Après Johan Walem l’Italien et Johan Walem le technicien, dernier épisode de notre série consacrée à l’homme. Exigeant et pudique. Portrait.
- Publié le 22-06-2019 à 07h06
- Mis à jour le 22-06-2019 à 09h49
Après Johan Walem l’Italien et Johan Walem le technicien, dernier épisode de notre série consacrée à l’homme. Exigeant et pudique. Portrait. Il est donc possible d’avoir joué dans deux des plus grands clubs du pays, d’avoir été international durant onze années, d’avoir dirigé deux fois les Espoirs tout en restant méconnu.
Johan Walem cultive ce paradoxe. Conserve dans un pays qui colle aussi facilement des étiquettes sans pouvoir les enlever cette image dure, très bruxelloise. Cette réputation d’être froid et élégant. Distant et mystérieux. Limite austère.
"S’il donne l’impression d’être difficile à cerner, c’est parce qu’il est très timide et très renfermé ; le problème est là", diagnostique d’emblée sa sœur aînée Anne. "En général, il est mal compris."
Parce que les gens ne le connaissent pas. Mais aussi parce que lui ne laisse pas forcément les gens le connaître non plus. "Je n’aime pas trop parler de moi", avoue-t-il en changeant vite de sujet, comme gêné par cette trop grande attention.
"En fait, il ne fait pas vite confiance. Il est terriblement réservé", explique Marc Delire qui, au fil de ses 20 années à le côtoyer, est devenu un ami du premier cercle. "Ce n’est pas une carapace. Ni une armure. C’est une carapace au-dessus d’une armure. Il faut vraiment prendre du temps. C’est le problème : comme il ne se livre pas, les gens ont une fausse impression de lui."
"C’est le métier qui veut cela. Il évolue dans un monde à part. Faire confiance n’a pas toujours été évident", reprend Anne en précisant ensuite : "Les choses de la vie ont fait qu’il a dû se méfier beaucoup."
Se pencher sur ses expériences d’entraîneur permet de mieux le comprendre.
Son échec à Courtrai en 2015-16 où il a été attaqué sur tout et un peu n’importe quoi, de sa façon de s’habiller à la présence de son fils, spectateur des entraînements en passant par son côté distant, puis la non-qualification pour l’Euro 2017 de la génération Praet qui avait pourtant les choses en main à deux matchs de la fin l’ont fait évoluer. Avancer aussi. S’ouvrir sans pour autant se renier.

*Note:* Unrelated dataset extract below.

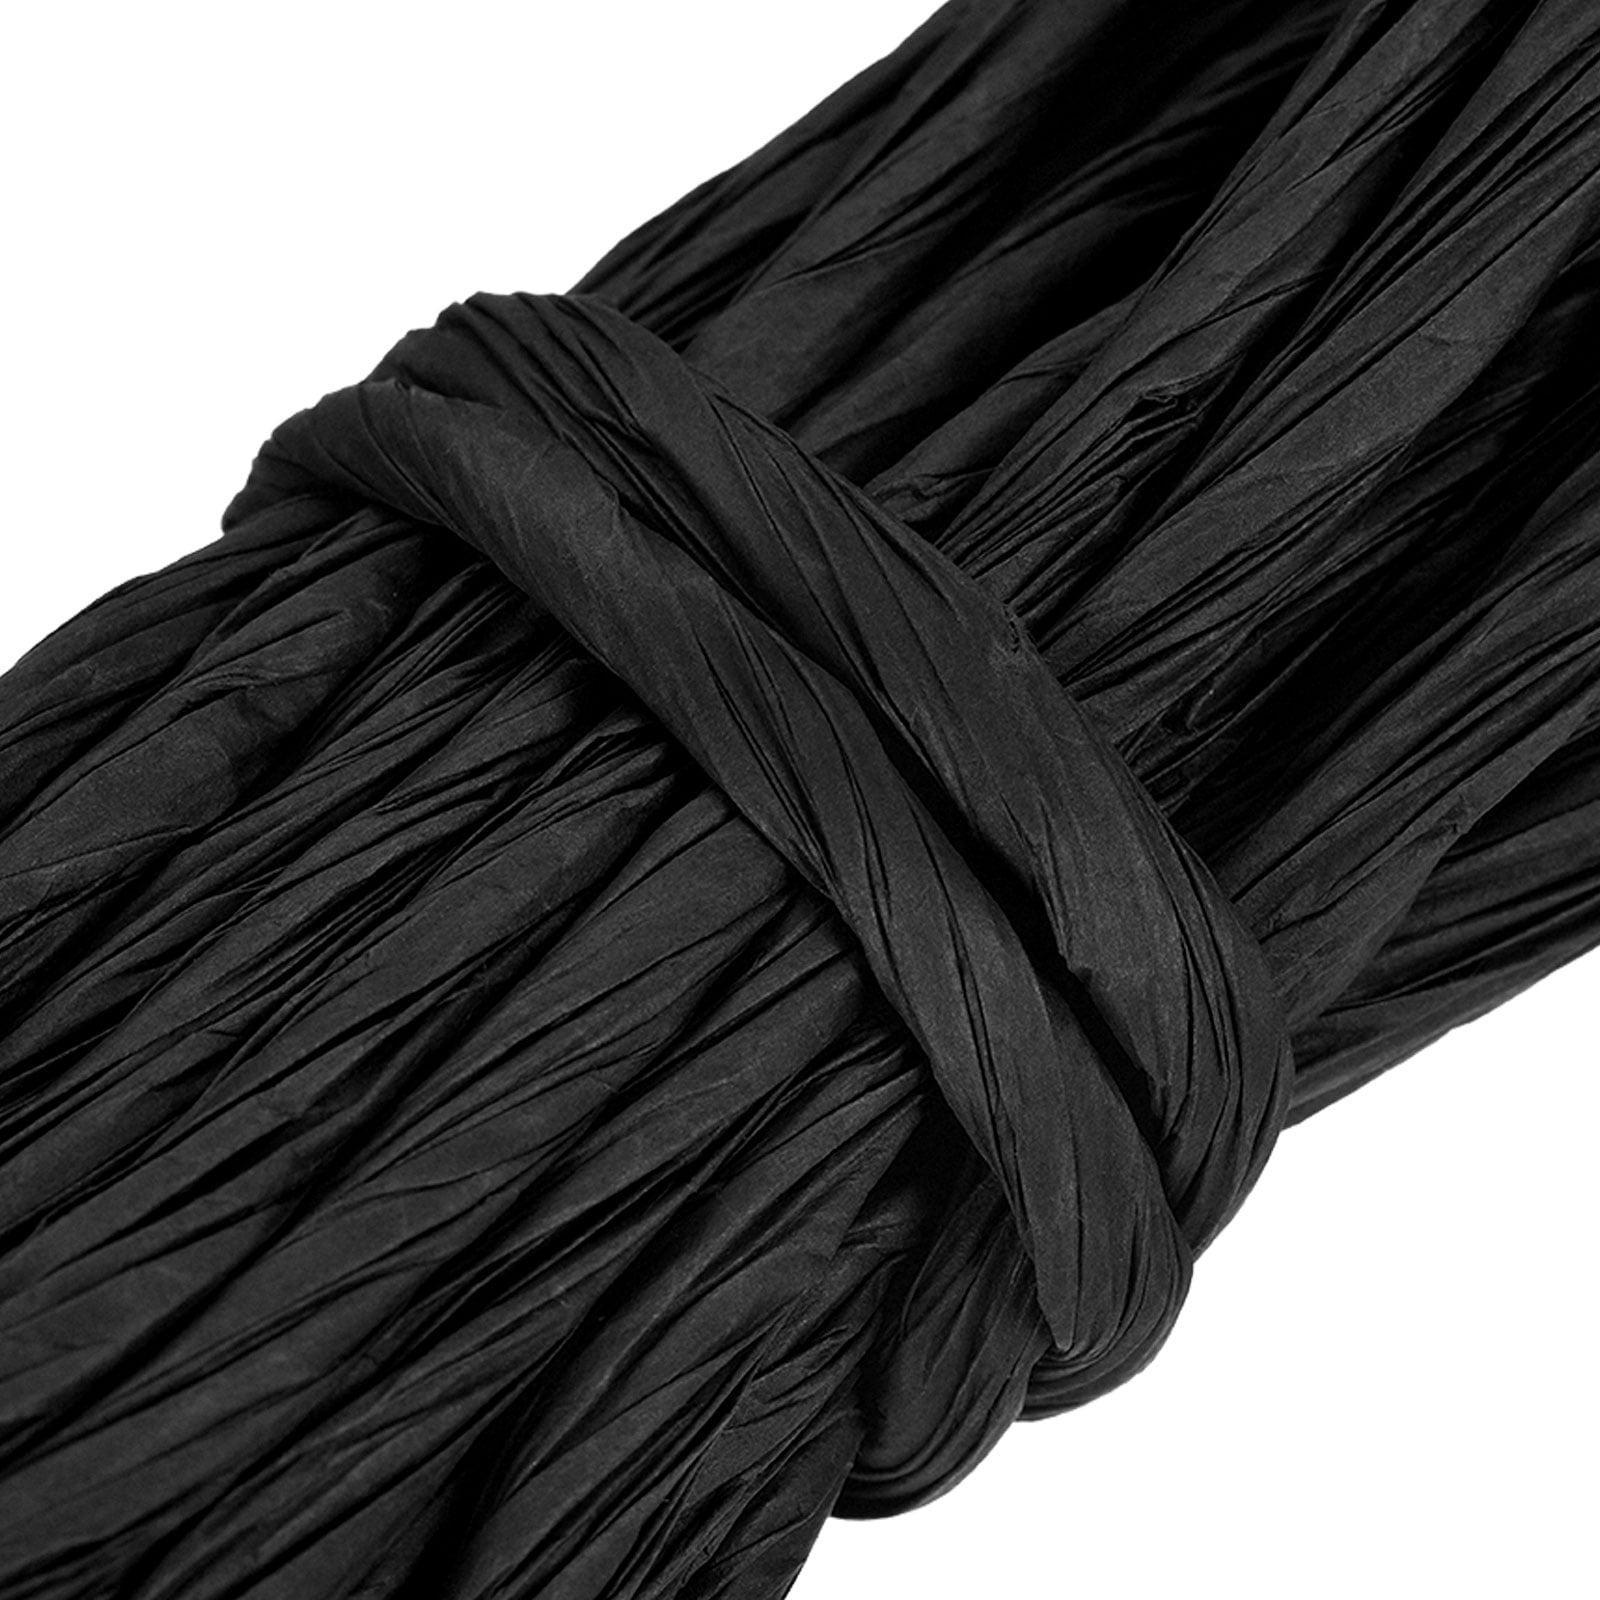 13mm Black Decorative Braided Rope 30ft, Thick Rope, Handle for Bag, Cotton  Rope, Beach Party Decor, Craft Supplies / 5yd4.6m

Lui-même qui se qualifie de "franc" reconnaissait après l’épisode Courtrai que l’hypocrisie qui est la norme dans le monde du football "le dérangeait", ajoutant ensuite que "la passion reprend le dessus".
"Il est tellement droit, cela le rend malade. Cela lui a fait mal cette saison", poursuit sa sœur. L’avis de celui qui a passé 13 années à Anderlecht et qui se dit "ambitieux" aurait pu être utile. Mais la direction du Sporting a décidé de s’en passer…

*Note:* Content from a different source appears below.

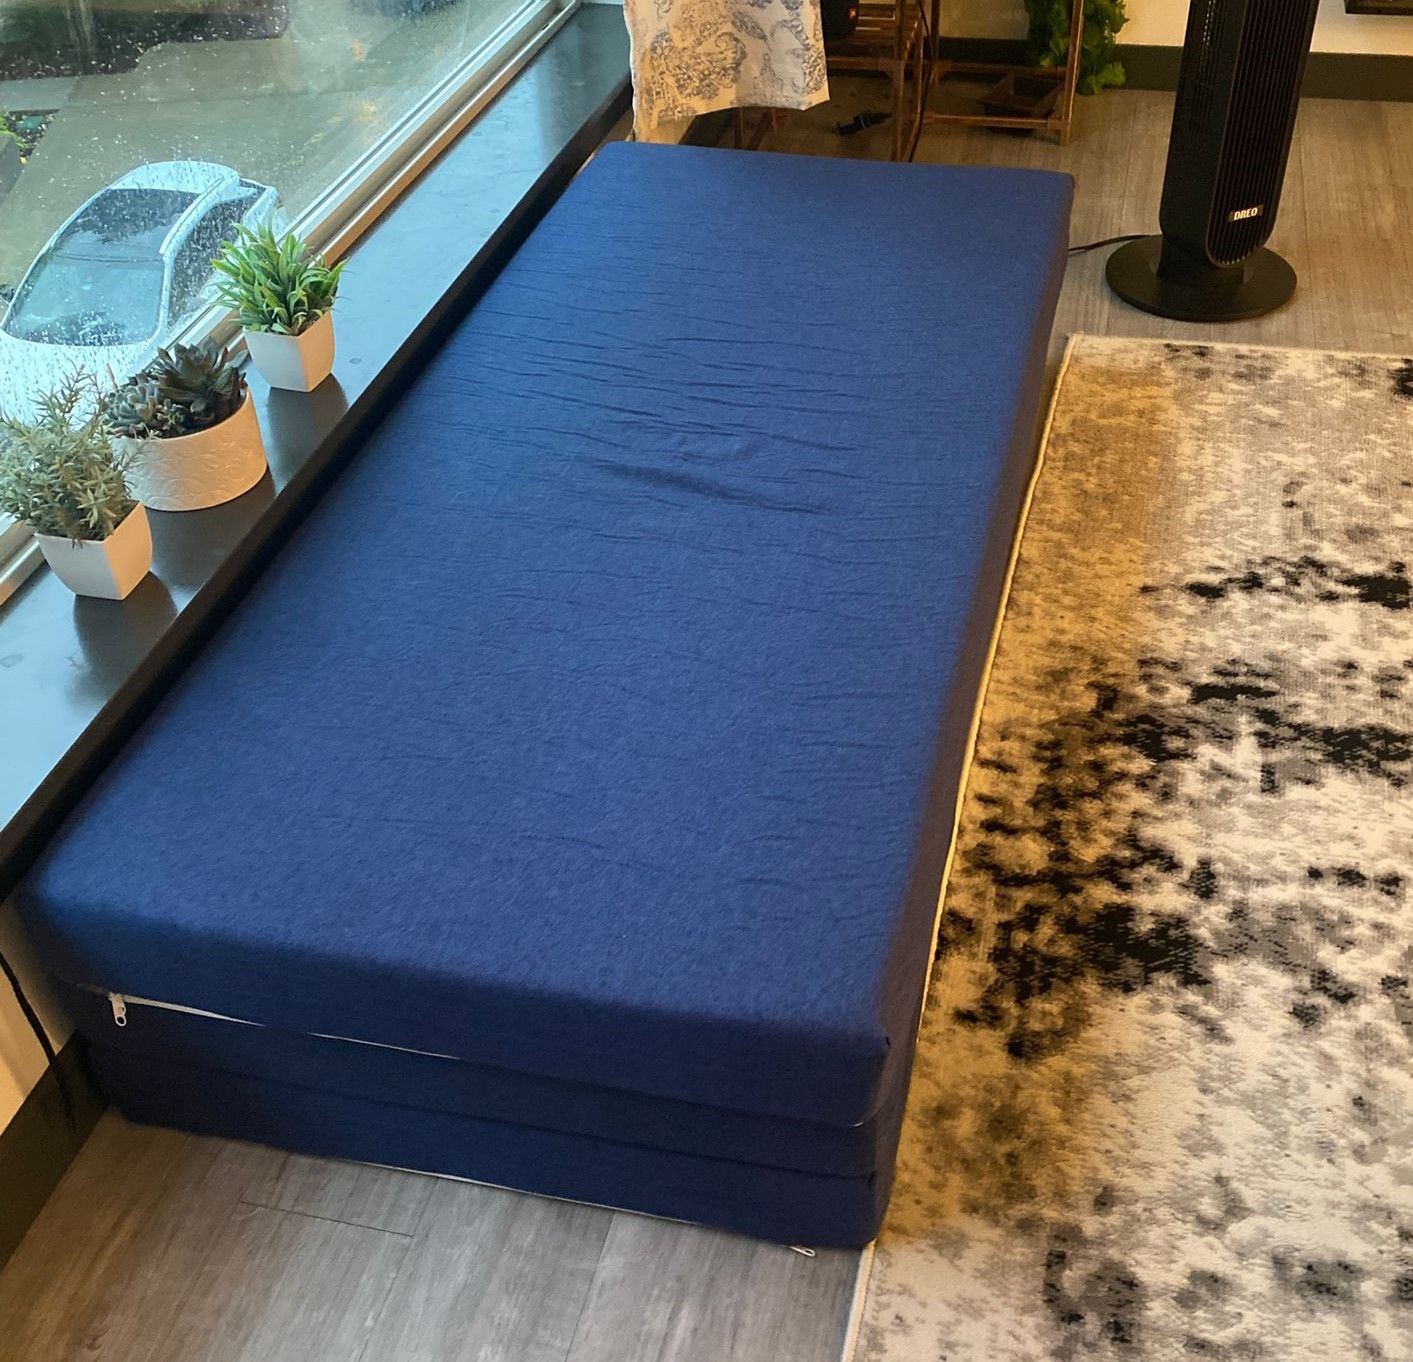 Foldable Mattress folded like a couch

Le Brabançon a encaissé mais n’a rien revendiqué. Question là aussi, encore une fois, de personnalité. "On me le dit souvent que je ne me vends pas assez", évacue-t-il dans un sourire.

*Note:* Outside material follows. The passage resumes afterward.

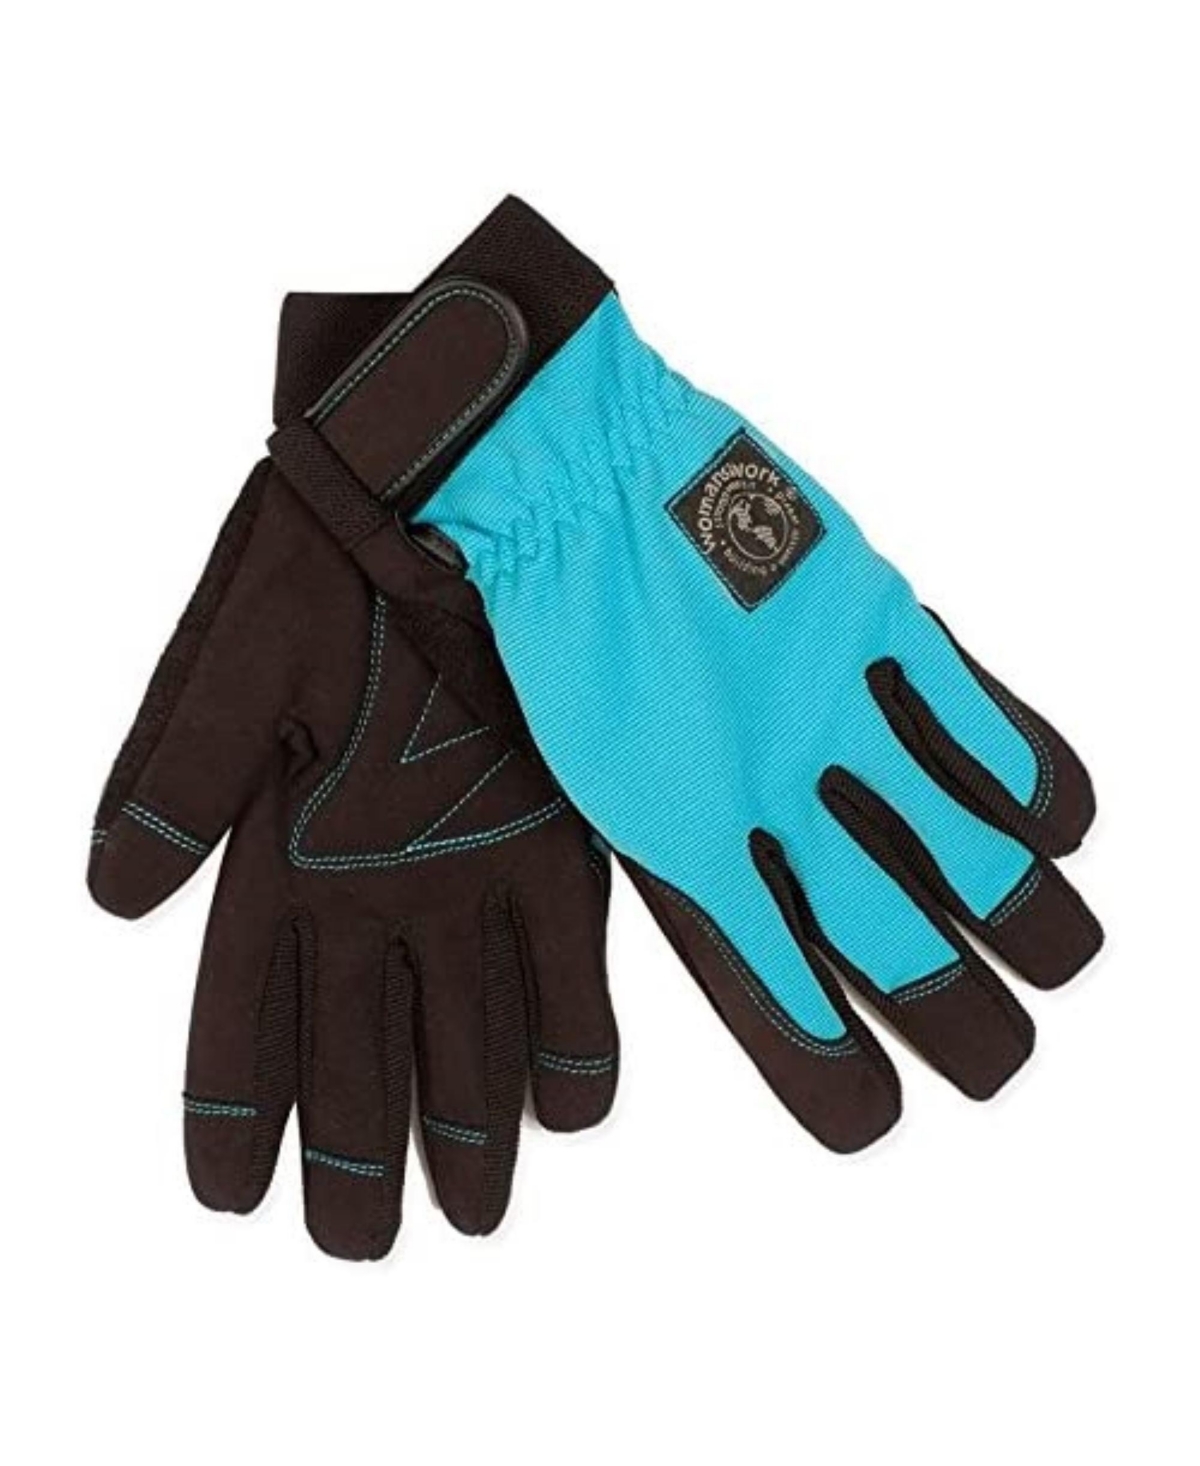 Digger Gardening Glove with Micro Suede Palm, Teal, Medium - Blue

"C’est vrai, il n’arrive pas à se vendre", confirme sa sœur. "C’est une question d’éducation avec le mérite, le travail. Pour lui, la reconnaissance passe par le travail."
Avec à chaque fois un objectif clairement défini : ce perfectionnisme très poussé qui apparaît comme la clef du personnage. Celle qui ouvre les portes de sa personnalité et permet de mieux le comprendre. De le cerner avec plus de précision. "Comme Justine Henin, il n’est pas perfectionniste, il est ultra-perfectionniste", précise Delire avant de livrer un exemple assez révélateur : "On s’est remis au tennis ensemble. On faisait jeu égal la première semaine ; ensuite, il prenait des cours deux heures par jour. Après une semaine, je ne lui prenais plus un jeu et après deux semaines, il était classé. Et il est B."
"C’est une qualité et un gros défaut. Il est perfectionniste avec lui-même mais avec les autres aussi. Il attend beaucoup des autres autour de lui. C’est son trait premier", confirme sa sœur. "Du coup, il n’est jamais content de lui. C’est rare quand vous le voyez satisfait parce qu’il se remet en question tout le temps. Il s’est lâché après la qualification en Suède. Il est toujours hyper stressé."
Cette quête continue de la perfection se traduit par ce contrôle continu sur son image et sur son physique, lui qui court beaucoup pour évacuer le stress et qui a conservé une hygiène à faire pâlir la majeure partie des joueurs encore en activité. Mais aussi sur ce qu’il ressent.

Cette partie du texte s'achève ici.